The former president of a waste management firm was arrested Friday on suspicion of bribing a government official to obtain classified information relating to the nuclear power industry, police said.

Osamu Ishikura, 52, the former owner of a company based in Tsukuba, Ibaraki Prefecture, turned himself in to authorities two days after the arrest of 45-year-old Toshiyuki Takahashi, a deputy division chief at the Nuclear and Industrial Safety Agency.

Takahashi is suspected of receiving 10.5 million yen in bribes between August 1999 and August 2001 from Ishikura and Yoshinori Okamoto, a 39-year-old former board member at a Shizuoka-based computer software firm.
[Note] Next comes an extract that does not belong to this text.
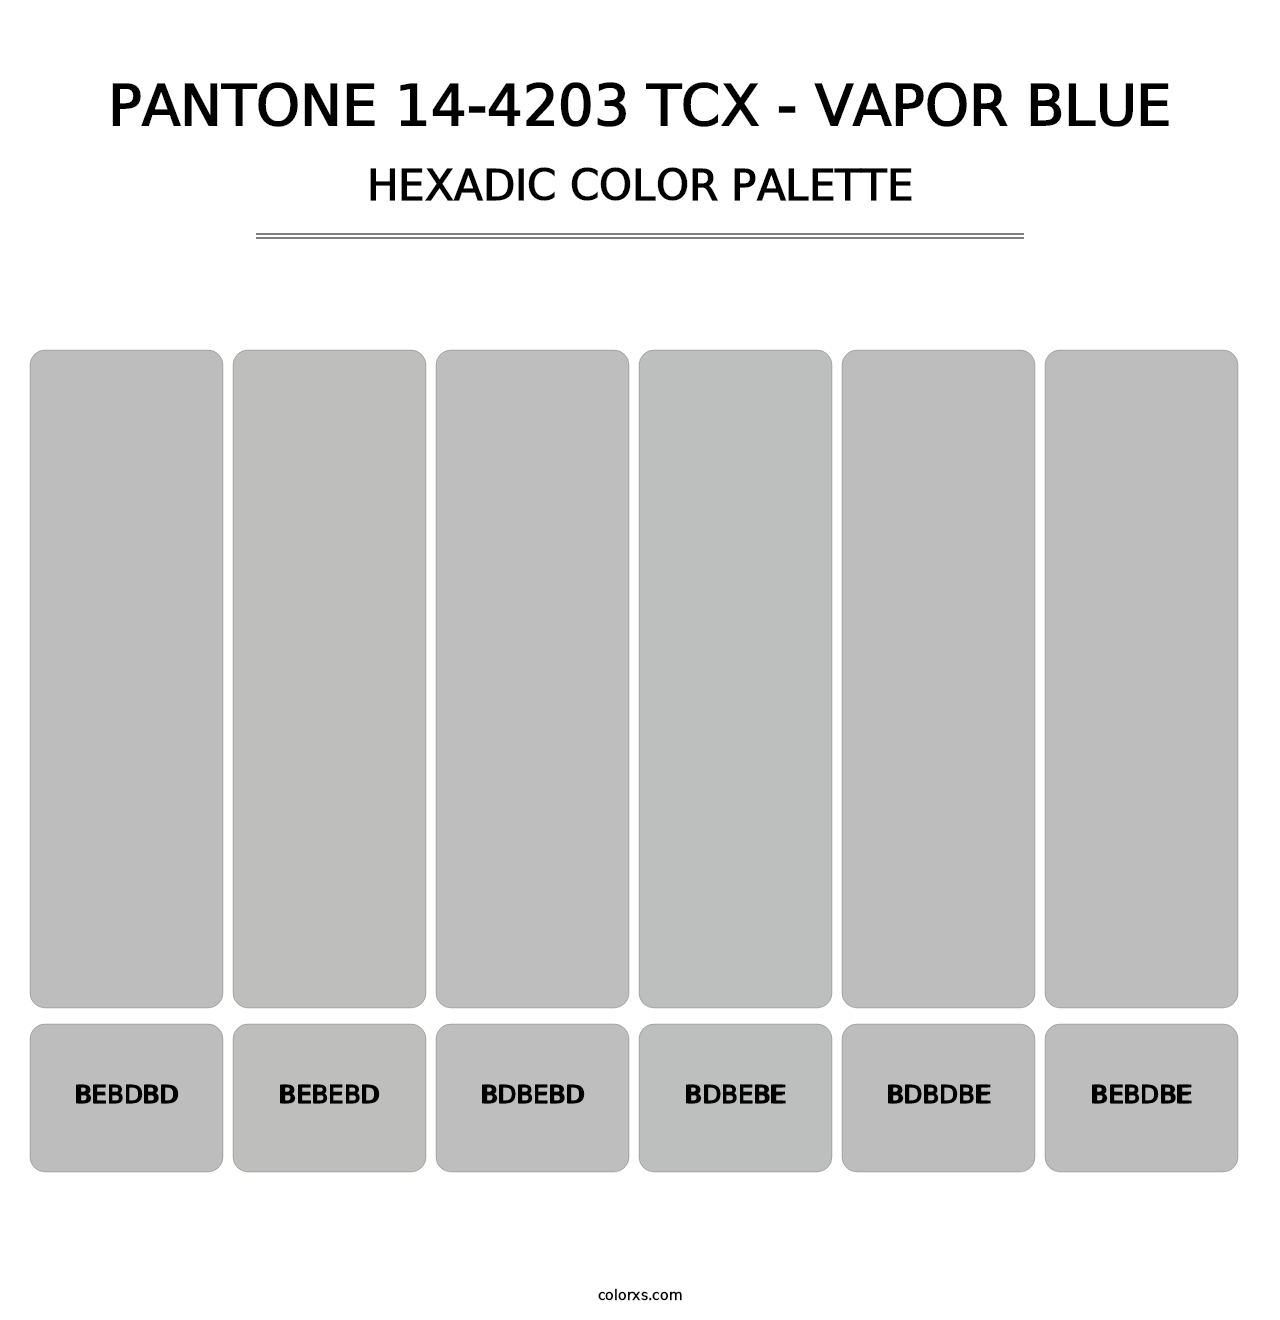 PANTONE 14-4203 TCX - Vapor Blue - Hexadic Color Palette

Okamoto was also arrested Wednesday.

Investigators allege that Takahashi, a chief safety inspector for Japanese nuclear power plants, started leaking government information to the pair in 1998 while he was working at a Diet science and technology office serving lawmakers.

The information concerned the potential business uses of and potential clients for computerized designs of nuclear plant facilities, desalination projects and other industrial projects, according to the investigators.

The pair allegedly used the information to launch new businesses.

These ventures were unsuccessful, however, due to a lack of technological expertise.

Takahashi, a former technician at the defunct Science and Technology Agency, worked at the House of Representatives office from 1998 until January 2001, when he was transferred to the Nuclear and Industrial Safety Agency.